Data extract.
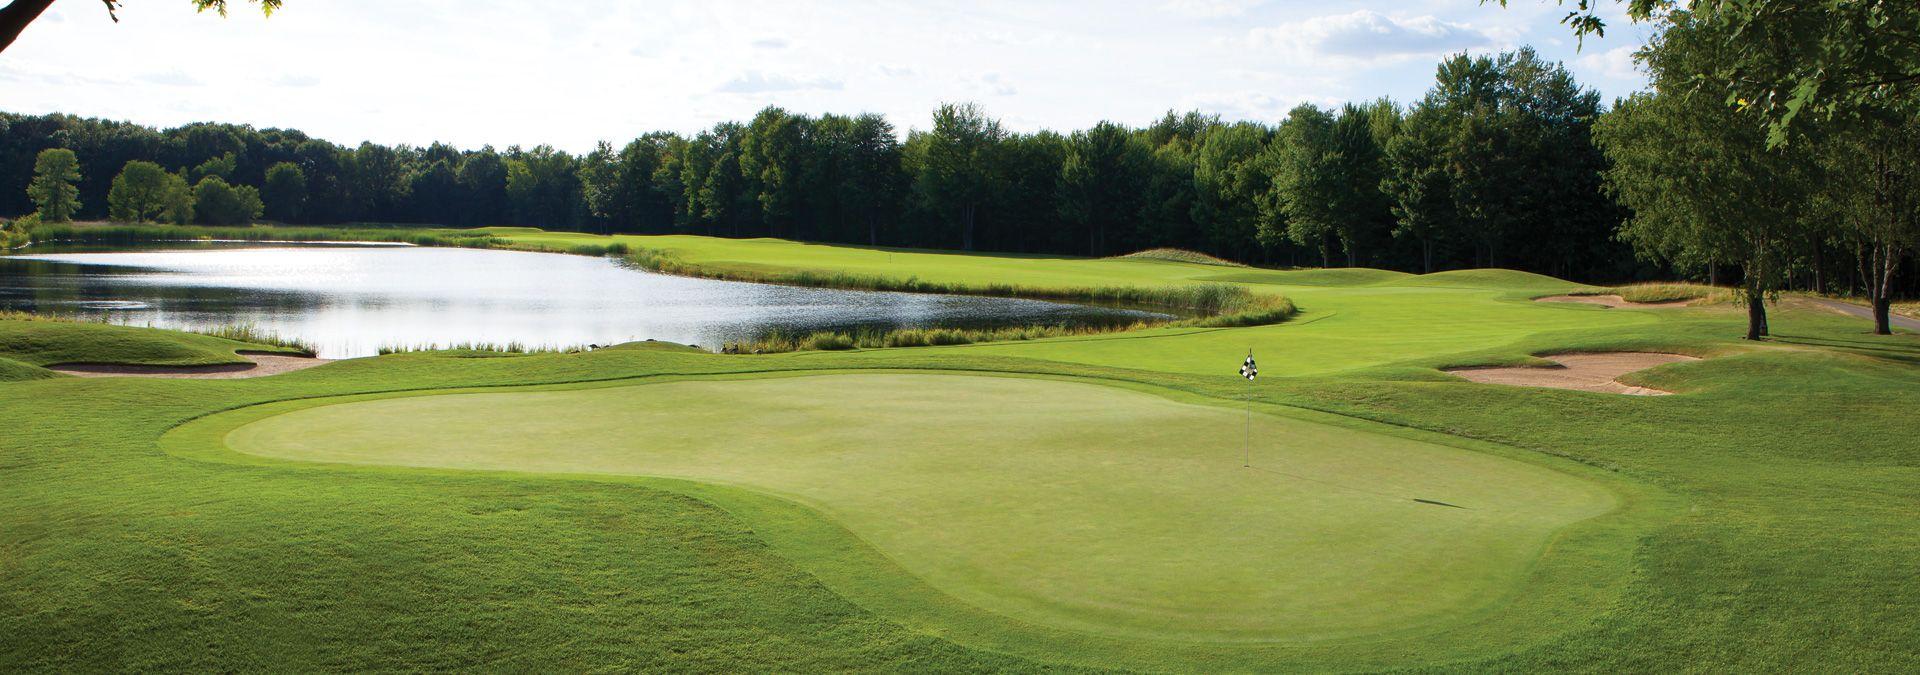 35+ Bucks run golf course in mount pleasant michigan info
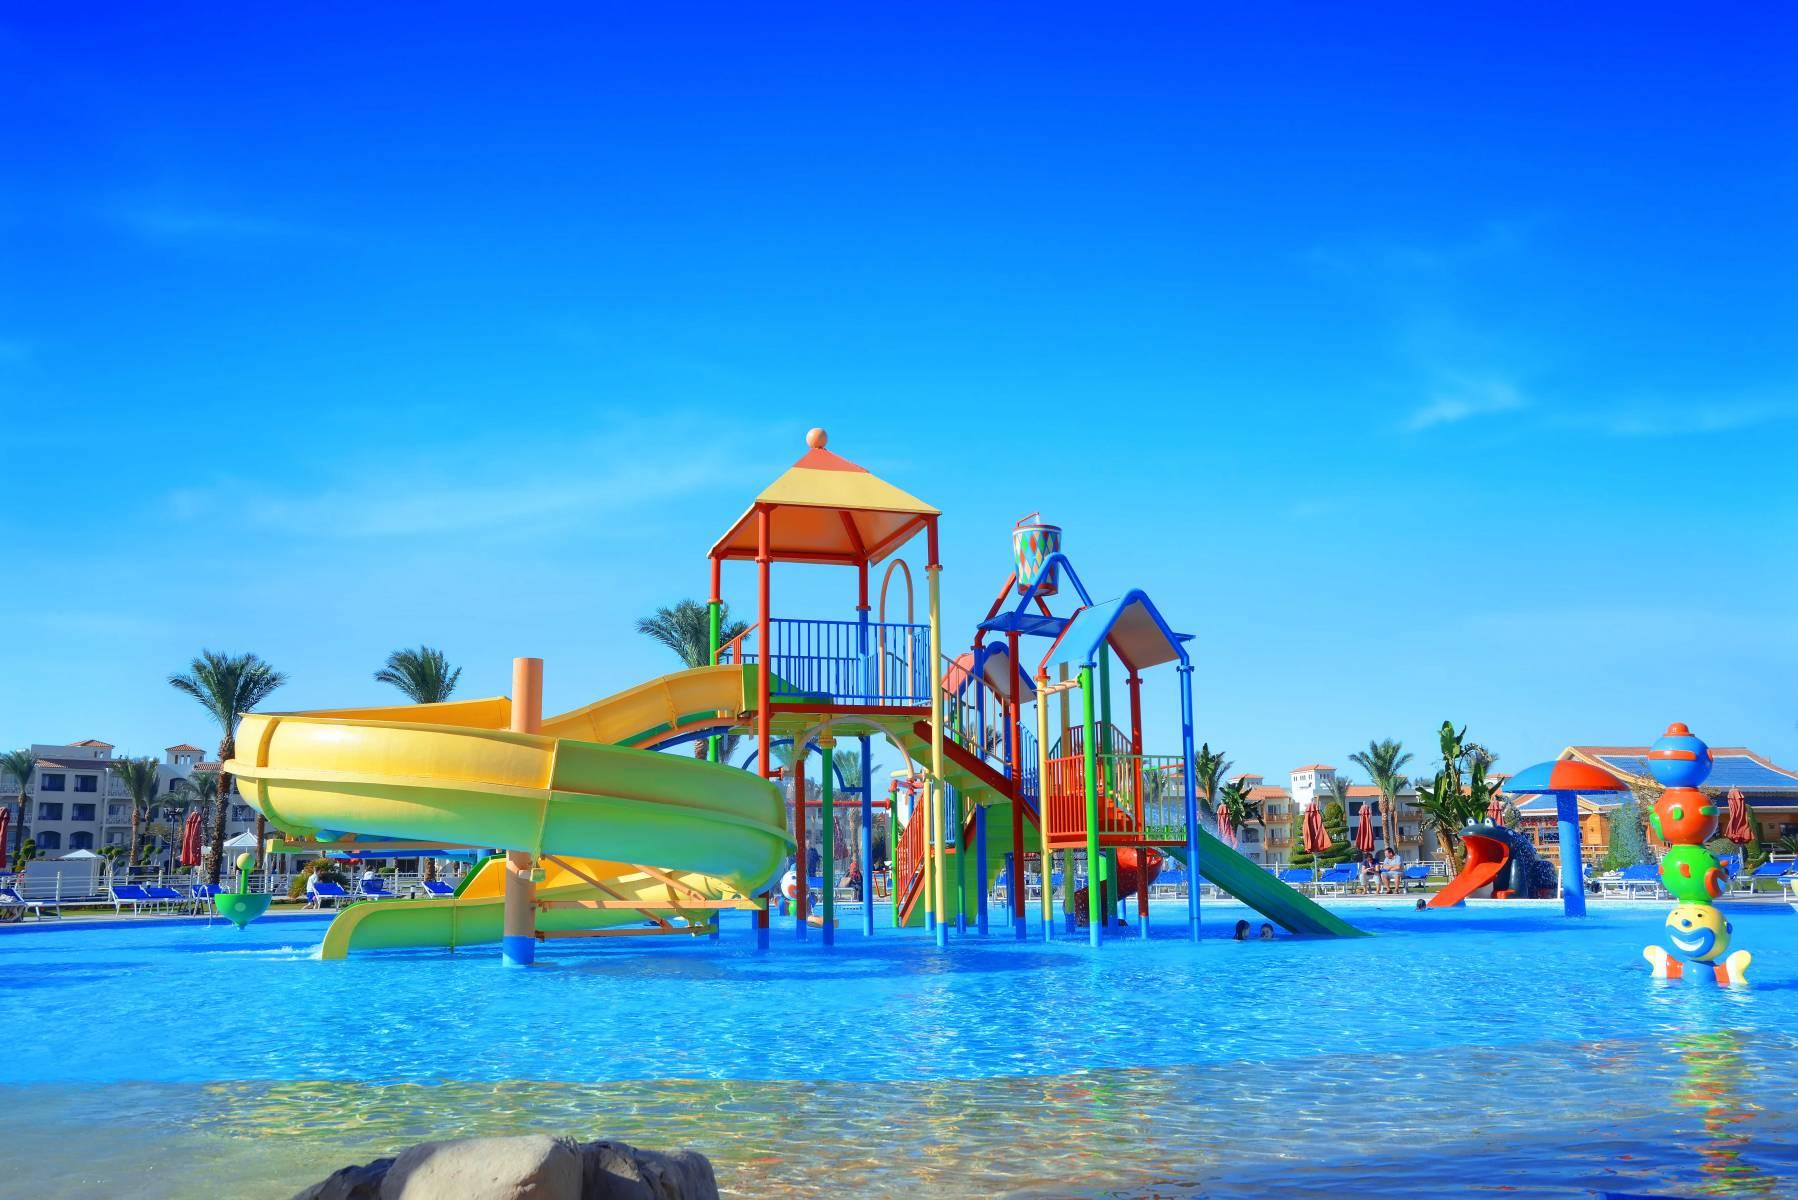 Hotels Resorts Dana Beach Resort Pickalbatros Hotels Resort In Egypt
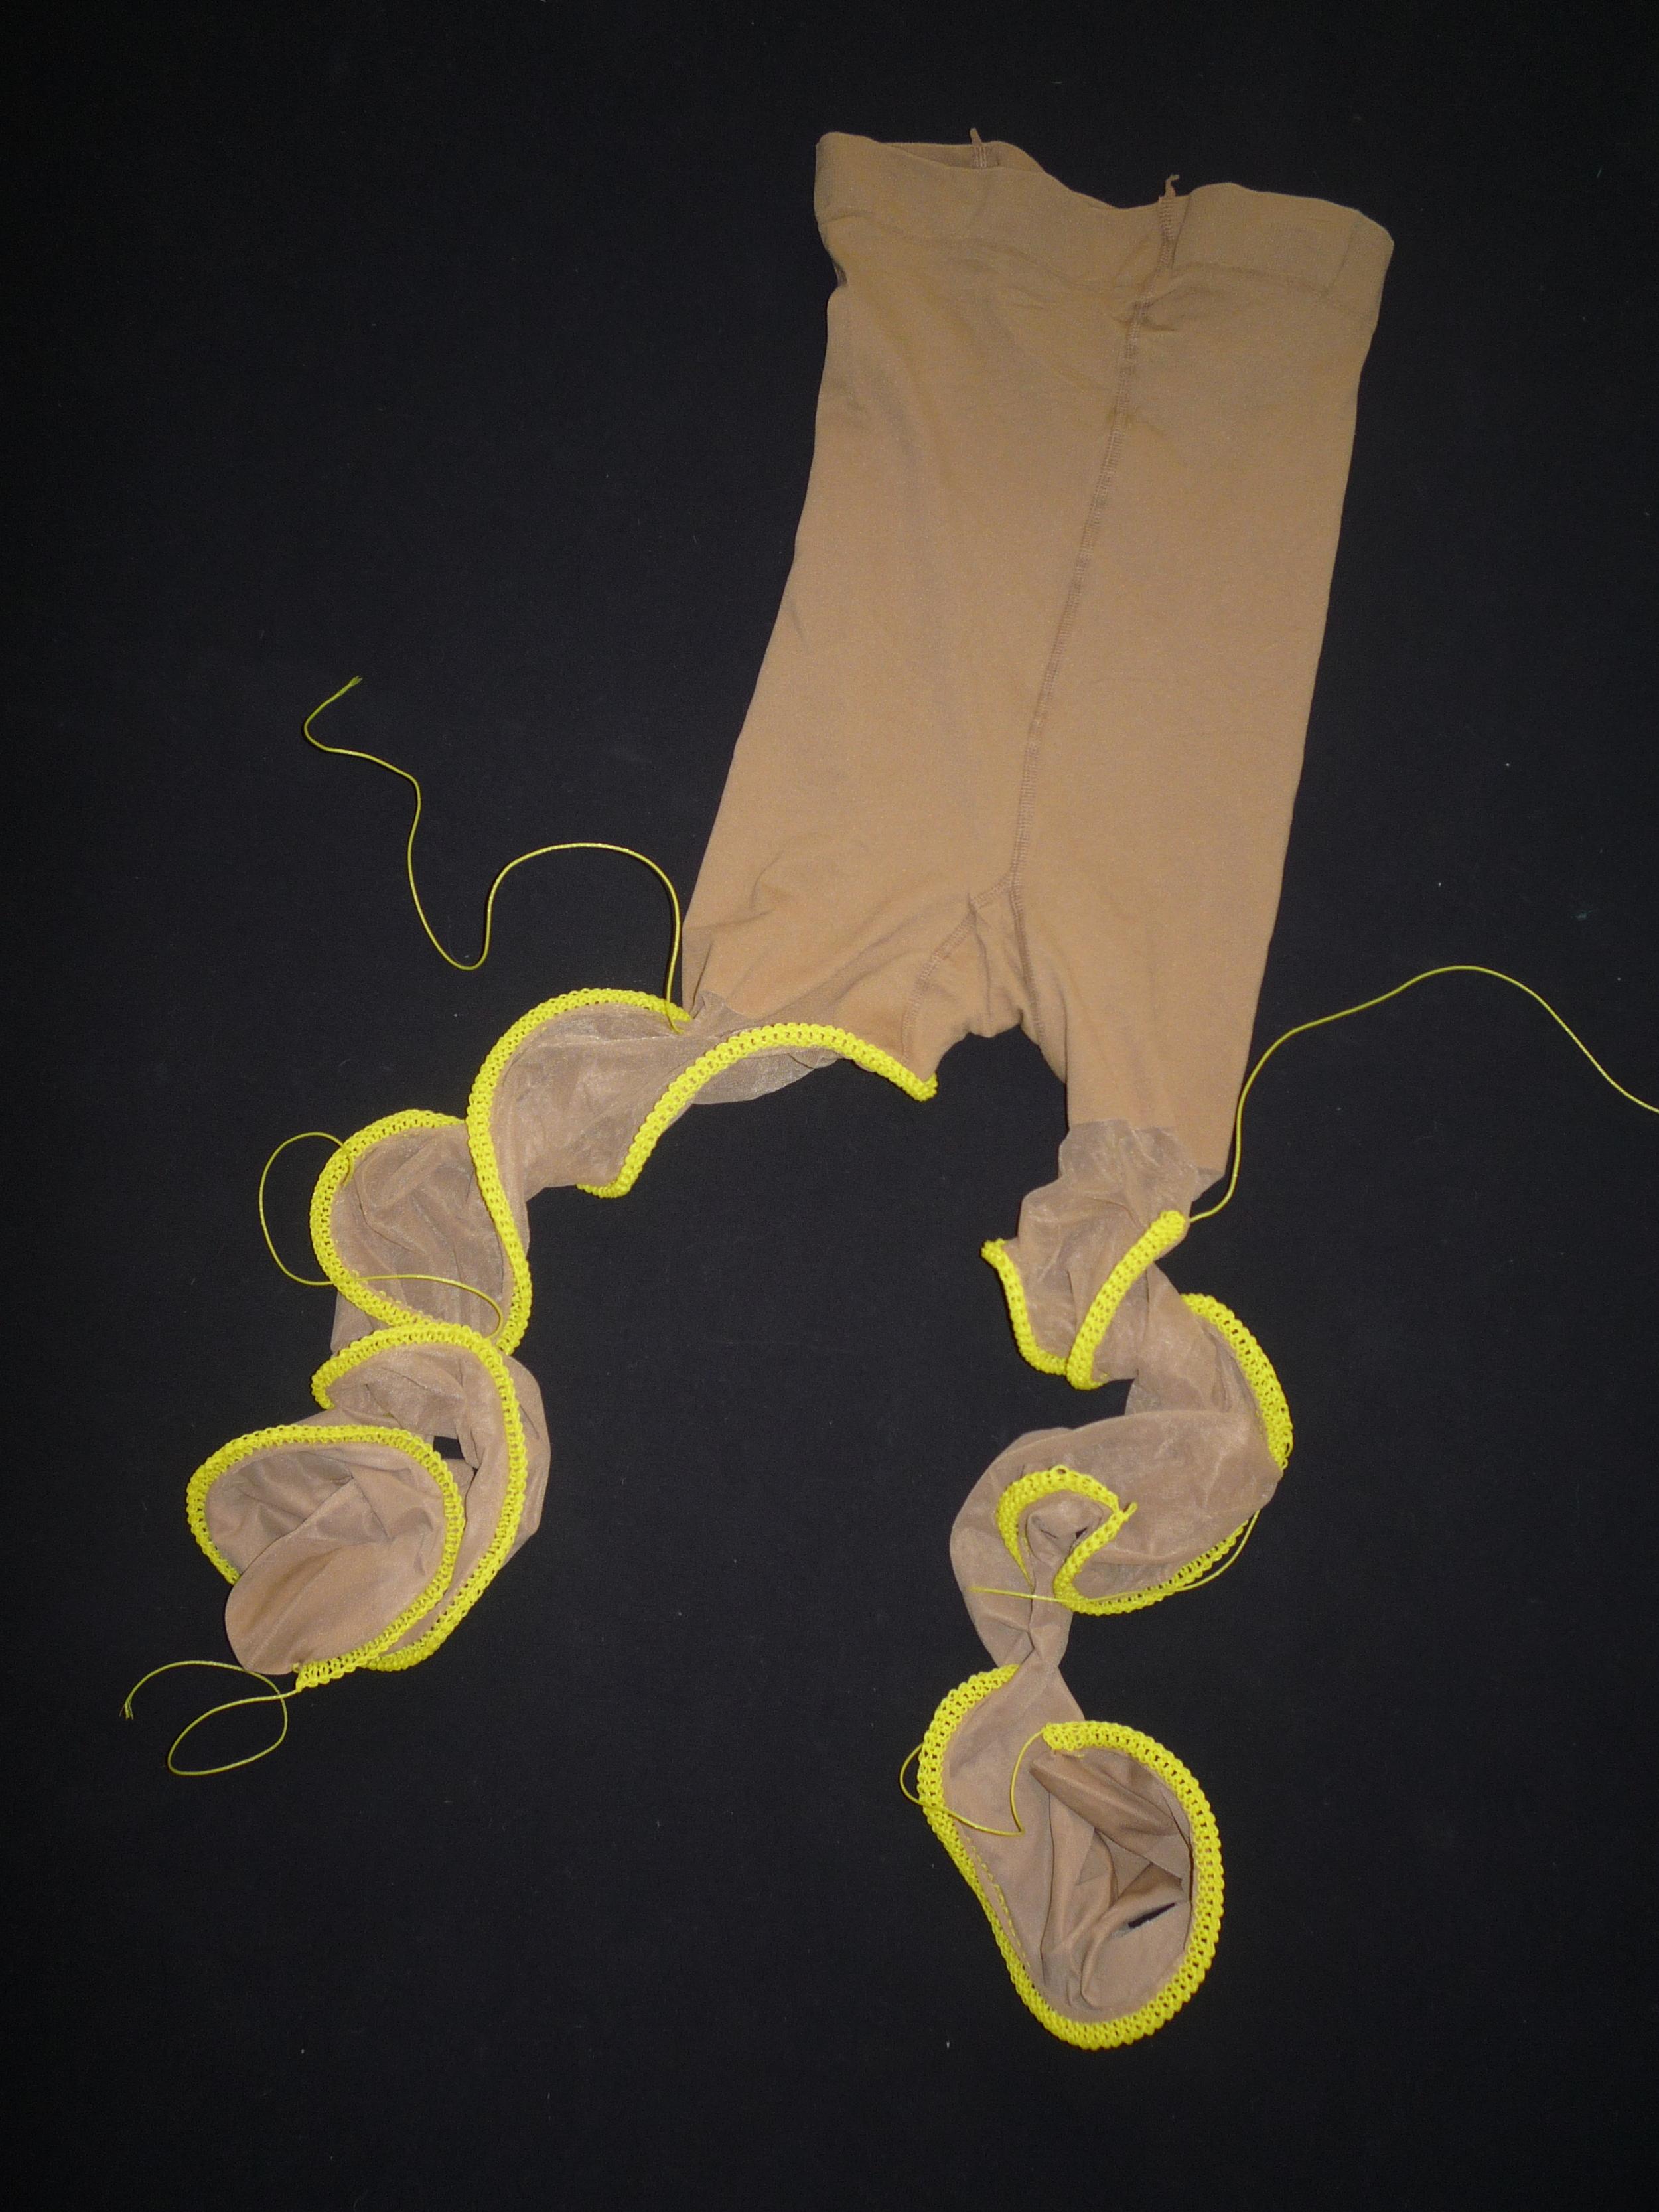 Nur Du, Nylons, cord, knitted, 109x50x3 cm

Problem to work on. Please output each line above exactly and omit all images.

Response.
 35+ Bucks run golf course in mount pleasant michigan info
 Hotels Resorts Dana Beach Resort Pickalbatros Hotels Resort In Egypt
 Nur Du, Nylons, cord, knitted, 109x50x3 cm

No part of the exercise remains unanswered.